Reproducibility Index

Notice: The reproducibility variables underlying each score are classified using an automated LLM-based pipeline, validated against a manually labeled dataset. LLM-based classification introduces uncertainty and potential bias; scores should be interpreted as estimates. Full accuracy metrics and methodology are described in Coakley et alK. L. Coakley, T. Snelleman, H. Hoos, and O. E. Gundersen, "The embrace of open science: An analysis of a decade of AI research and 56 800 conference papers," Under Review, 2026..
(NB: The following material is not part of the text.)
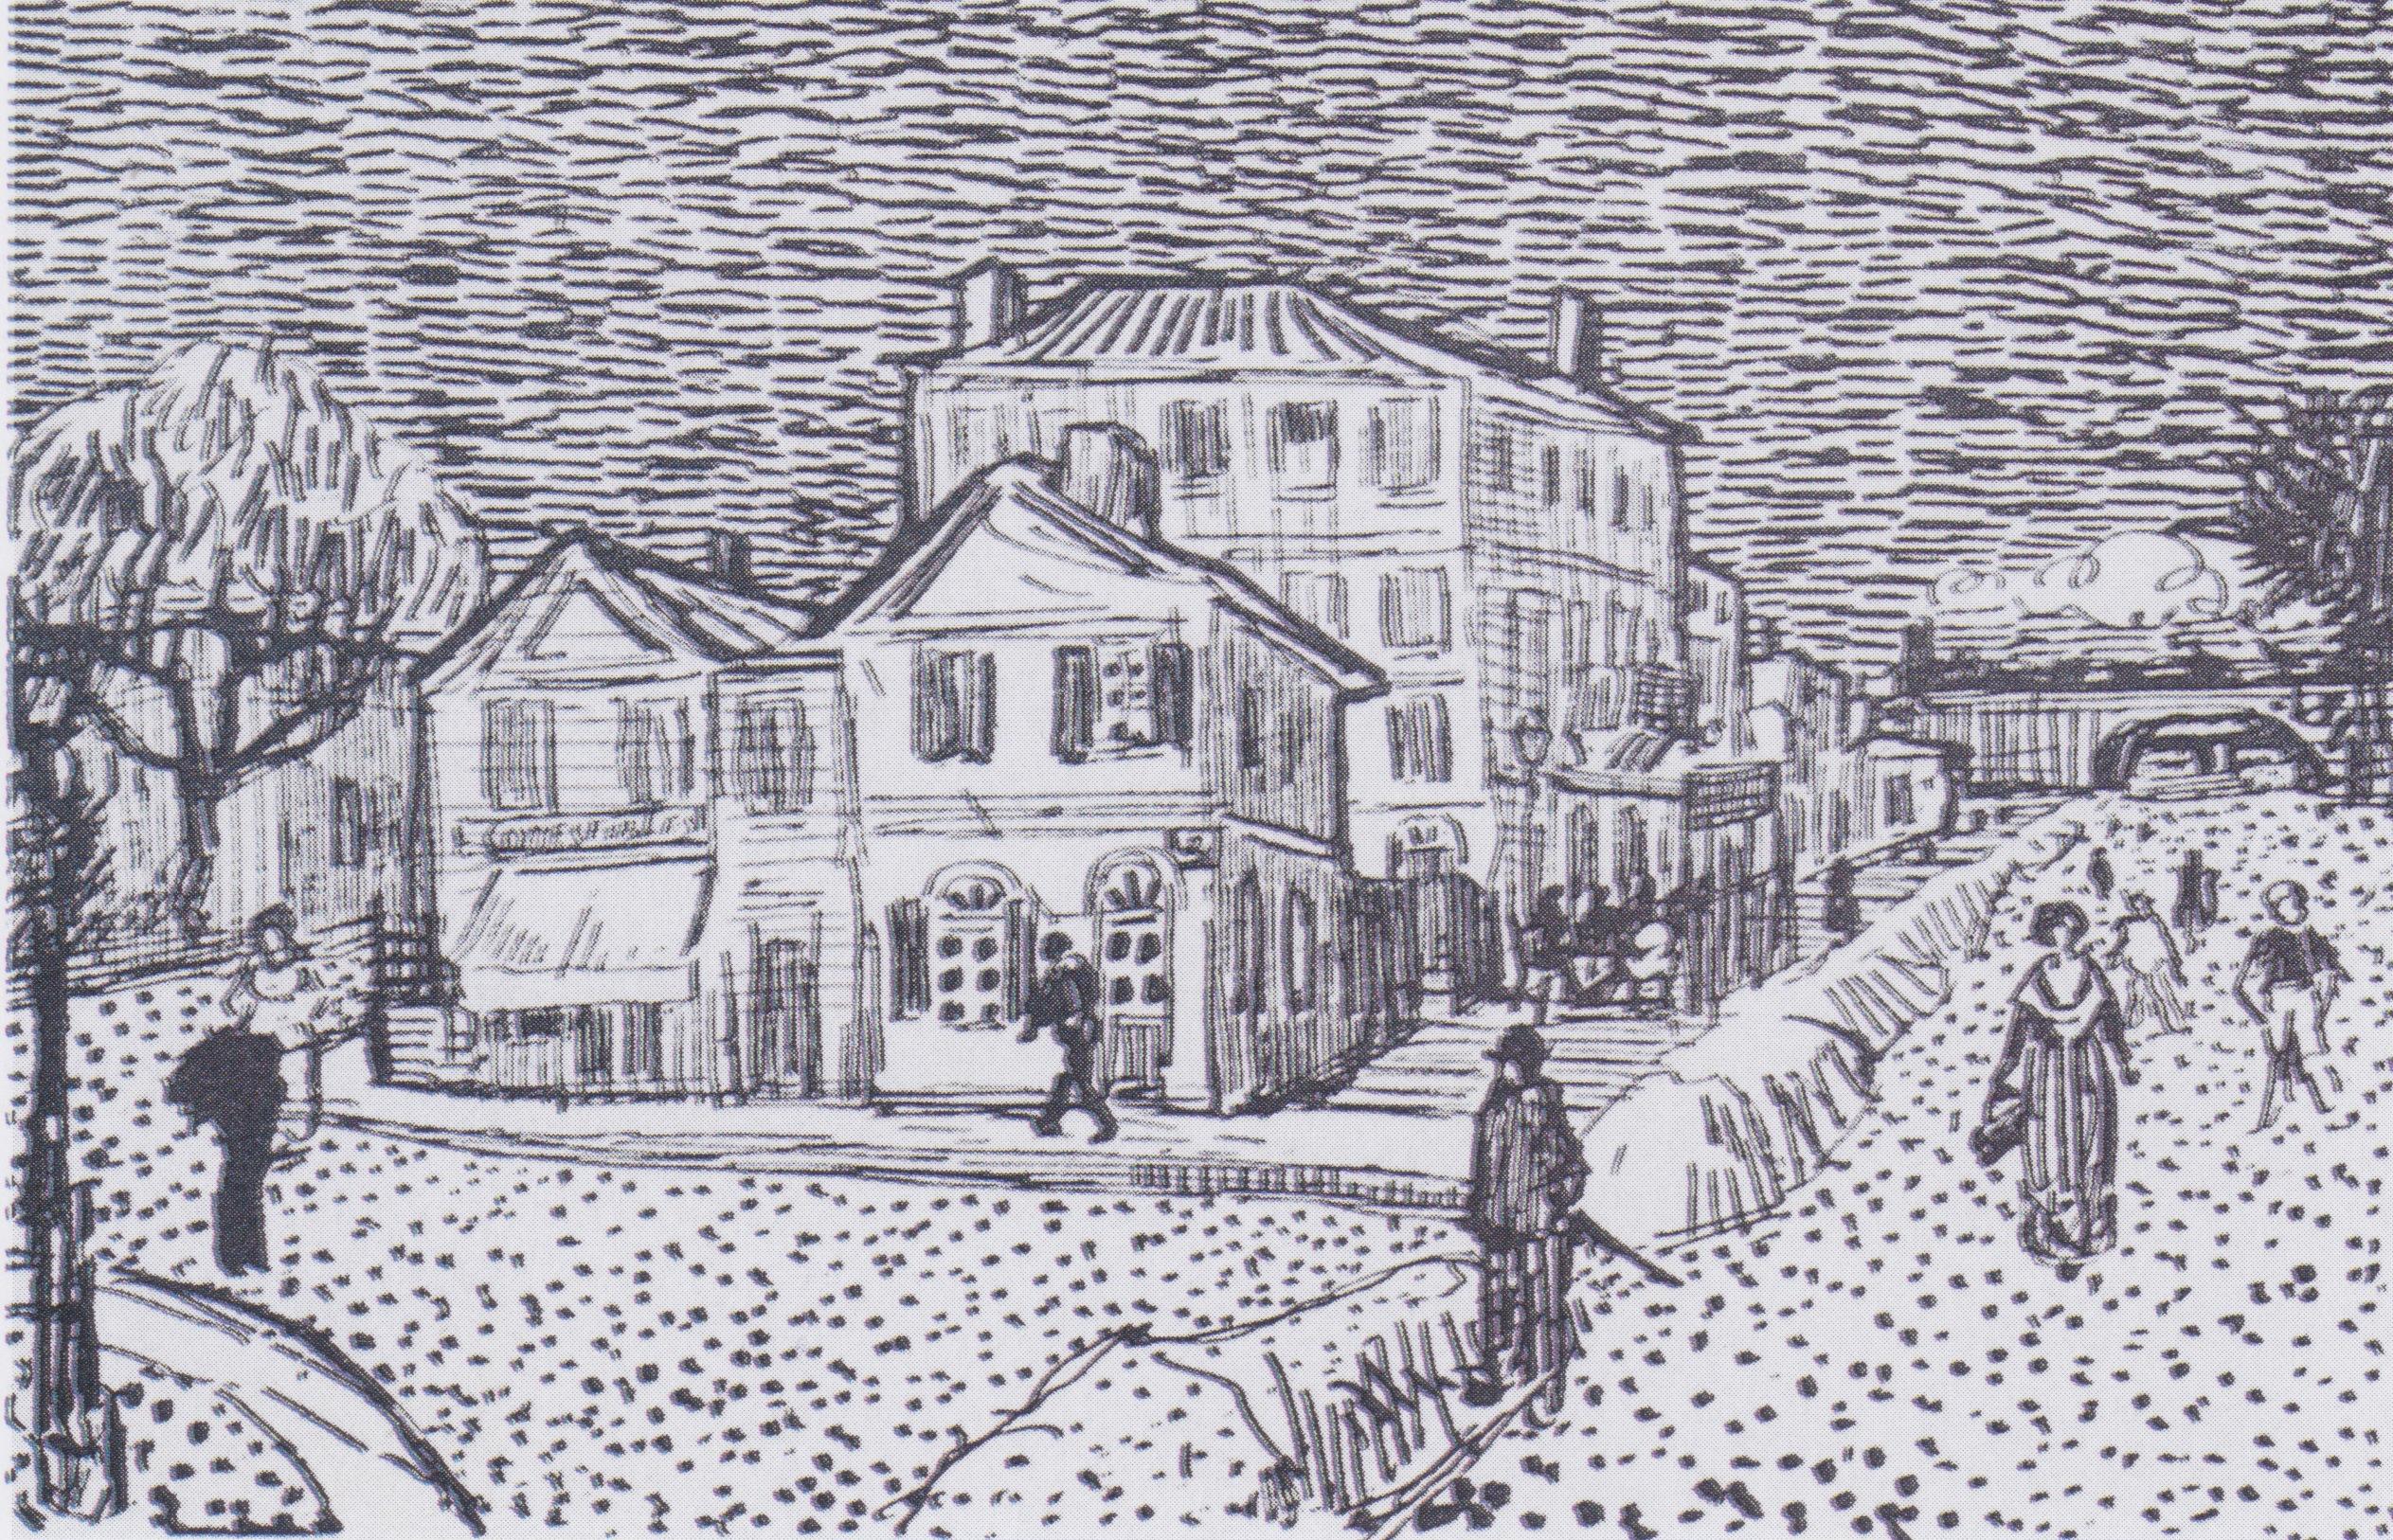 File:Van Gogh - Das gelbe Haus (Vincents Haus).jpeg.

Towards Certification of Uncertainty Calibration under Adversarial Attacks

Authors: Cornelius Emde, Francesco Pinto, Thomas Lukasiewicz, Philip Torr, Adel Bibi

ICLR 2025 | Venue PDF | LLM Run Details

Reproducibility Variable	Result	LLM Response
Research Type	Experimental	We empirically show that it is possible to produce adversaries that severely impact the reliability of confidence scores while leaving the accuracy unchanged... In Table 1, we show that all four possible configurations of our (η, ω)-ACE can be effective at significantly altering the ECE of Pre Act Res Net18 ... on the validation set of CIFAR-10 ... and Image Net-1K.... 5 Experiments We empirically evaluate the methods introduced above.
Researcher Affiliation	Academia	1University of Oxford 2Vienna University of Technology
Pseudocode	Yes	Algorithm 2 Adversarial Calibration Training One Batch
Open Source Code	No	For further details please refer to the published code.
Open Datasets	Yes	CIFAR-10 (Krizhevsky, 2009) and Image Net-1K (Deng et al., 2009), Fashion MNIST (Xiao et al., 2017), Street View House Number (SVHN) dataset (Netzer et al., 2011), CIFAR-100 (Krizhevsky, 2009)
Dataset Splits	Yes	For Image Net, we sample 500 images from the test set, following prior work. ...focus on a subset of 2000 certified samples for CIFAR-10. ...We certify 500 samples on Fashion MNIST rather than the full test-set on CIFAR-10 due to the cost of randomized smoothing. ...We certify 500 samples on SVHN rather than the full test-set on CIFAR-10 due to the cost of randomized smoothing. ...We certify 500 samples on CIFAR-100 rather than the full test-set on CIFAR-10 due to the cost of randomized smoothing.
Hardware Specification	Yes	Our implementation utilises the torch.sparse package in version 2.0 (Paszke et al., 2019) and runs in less than 2 minutes for 7000 certified data points and 15 bins on a Nvidia RTX 3090. ...We mostly use A40 GPUs and equivalent older models.
Software Dependencies	Yes	Our implementation utilises the torch.sparse package in version 2.0 (Paszke et al., 2019)
Experiment Setup	Yes	We train using SGD with batch size 256 and weight decay of 0.0001. We use a learning rate of 2v ϵ T with factor v as additional hyperparameter. ...We fine-tune for 10 epochs with a linear warm-up schedule for ϵ that reaches full size at epoch 3. We decrease the learning rate for the model weights every 4 epochs by a factor of 0.1. ...all of the runs are performed on a batch size of 2048.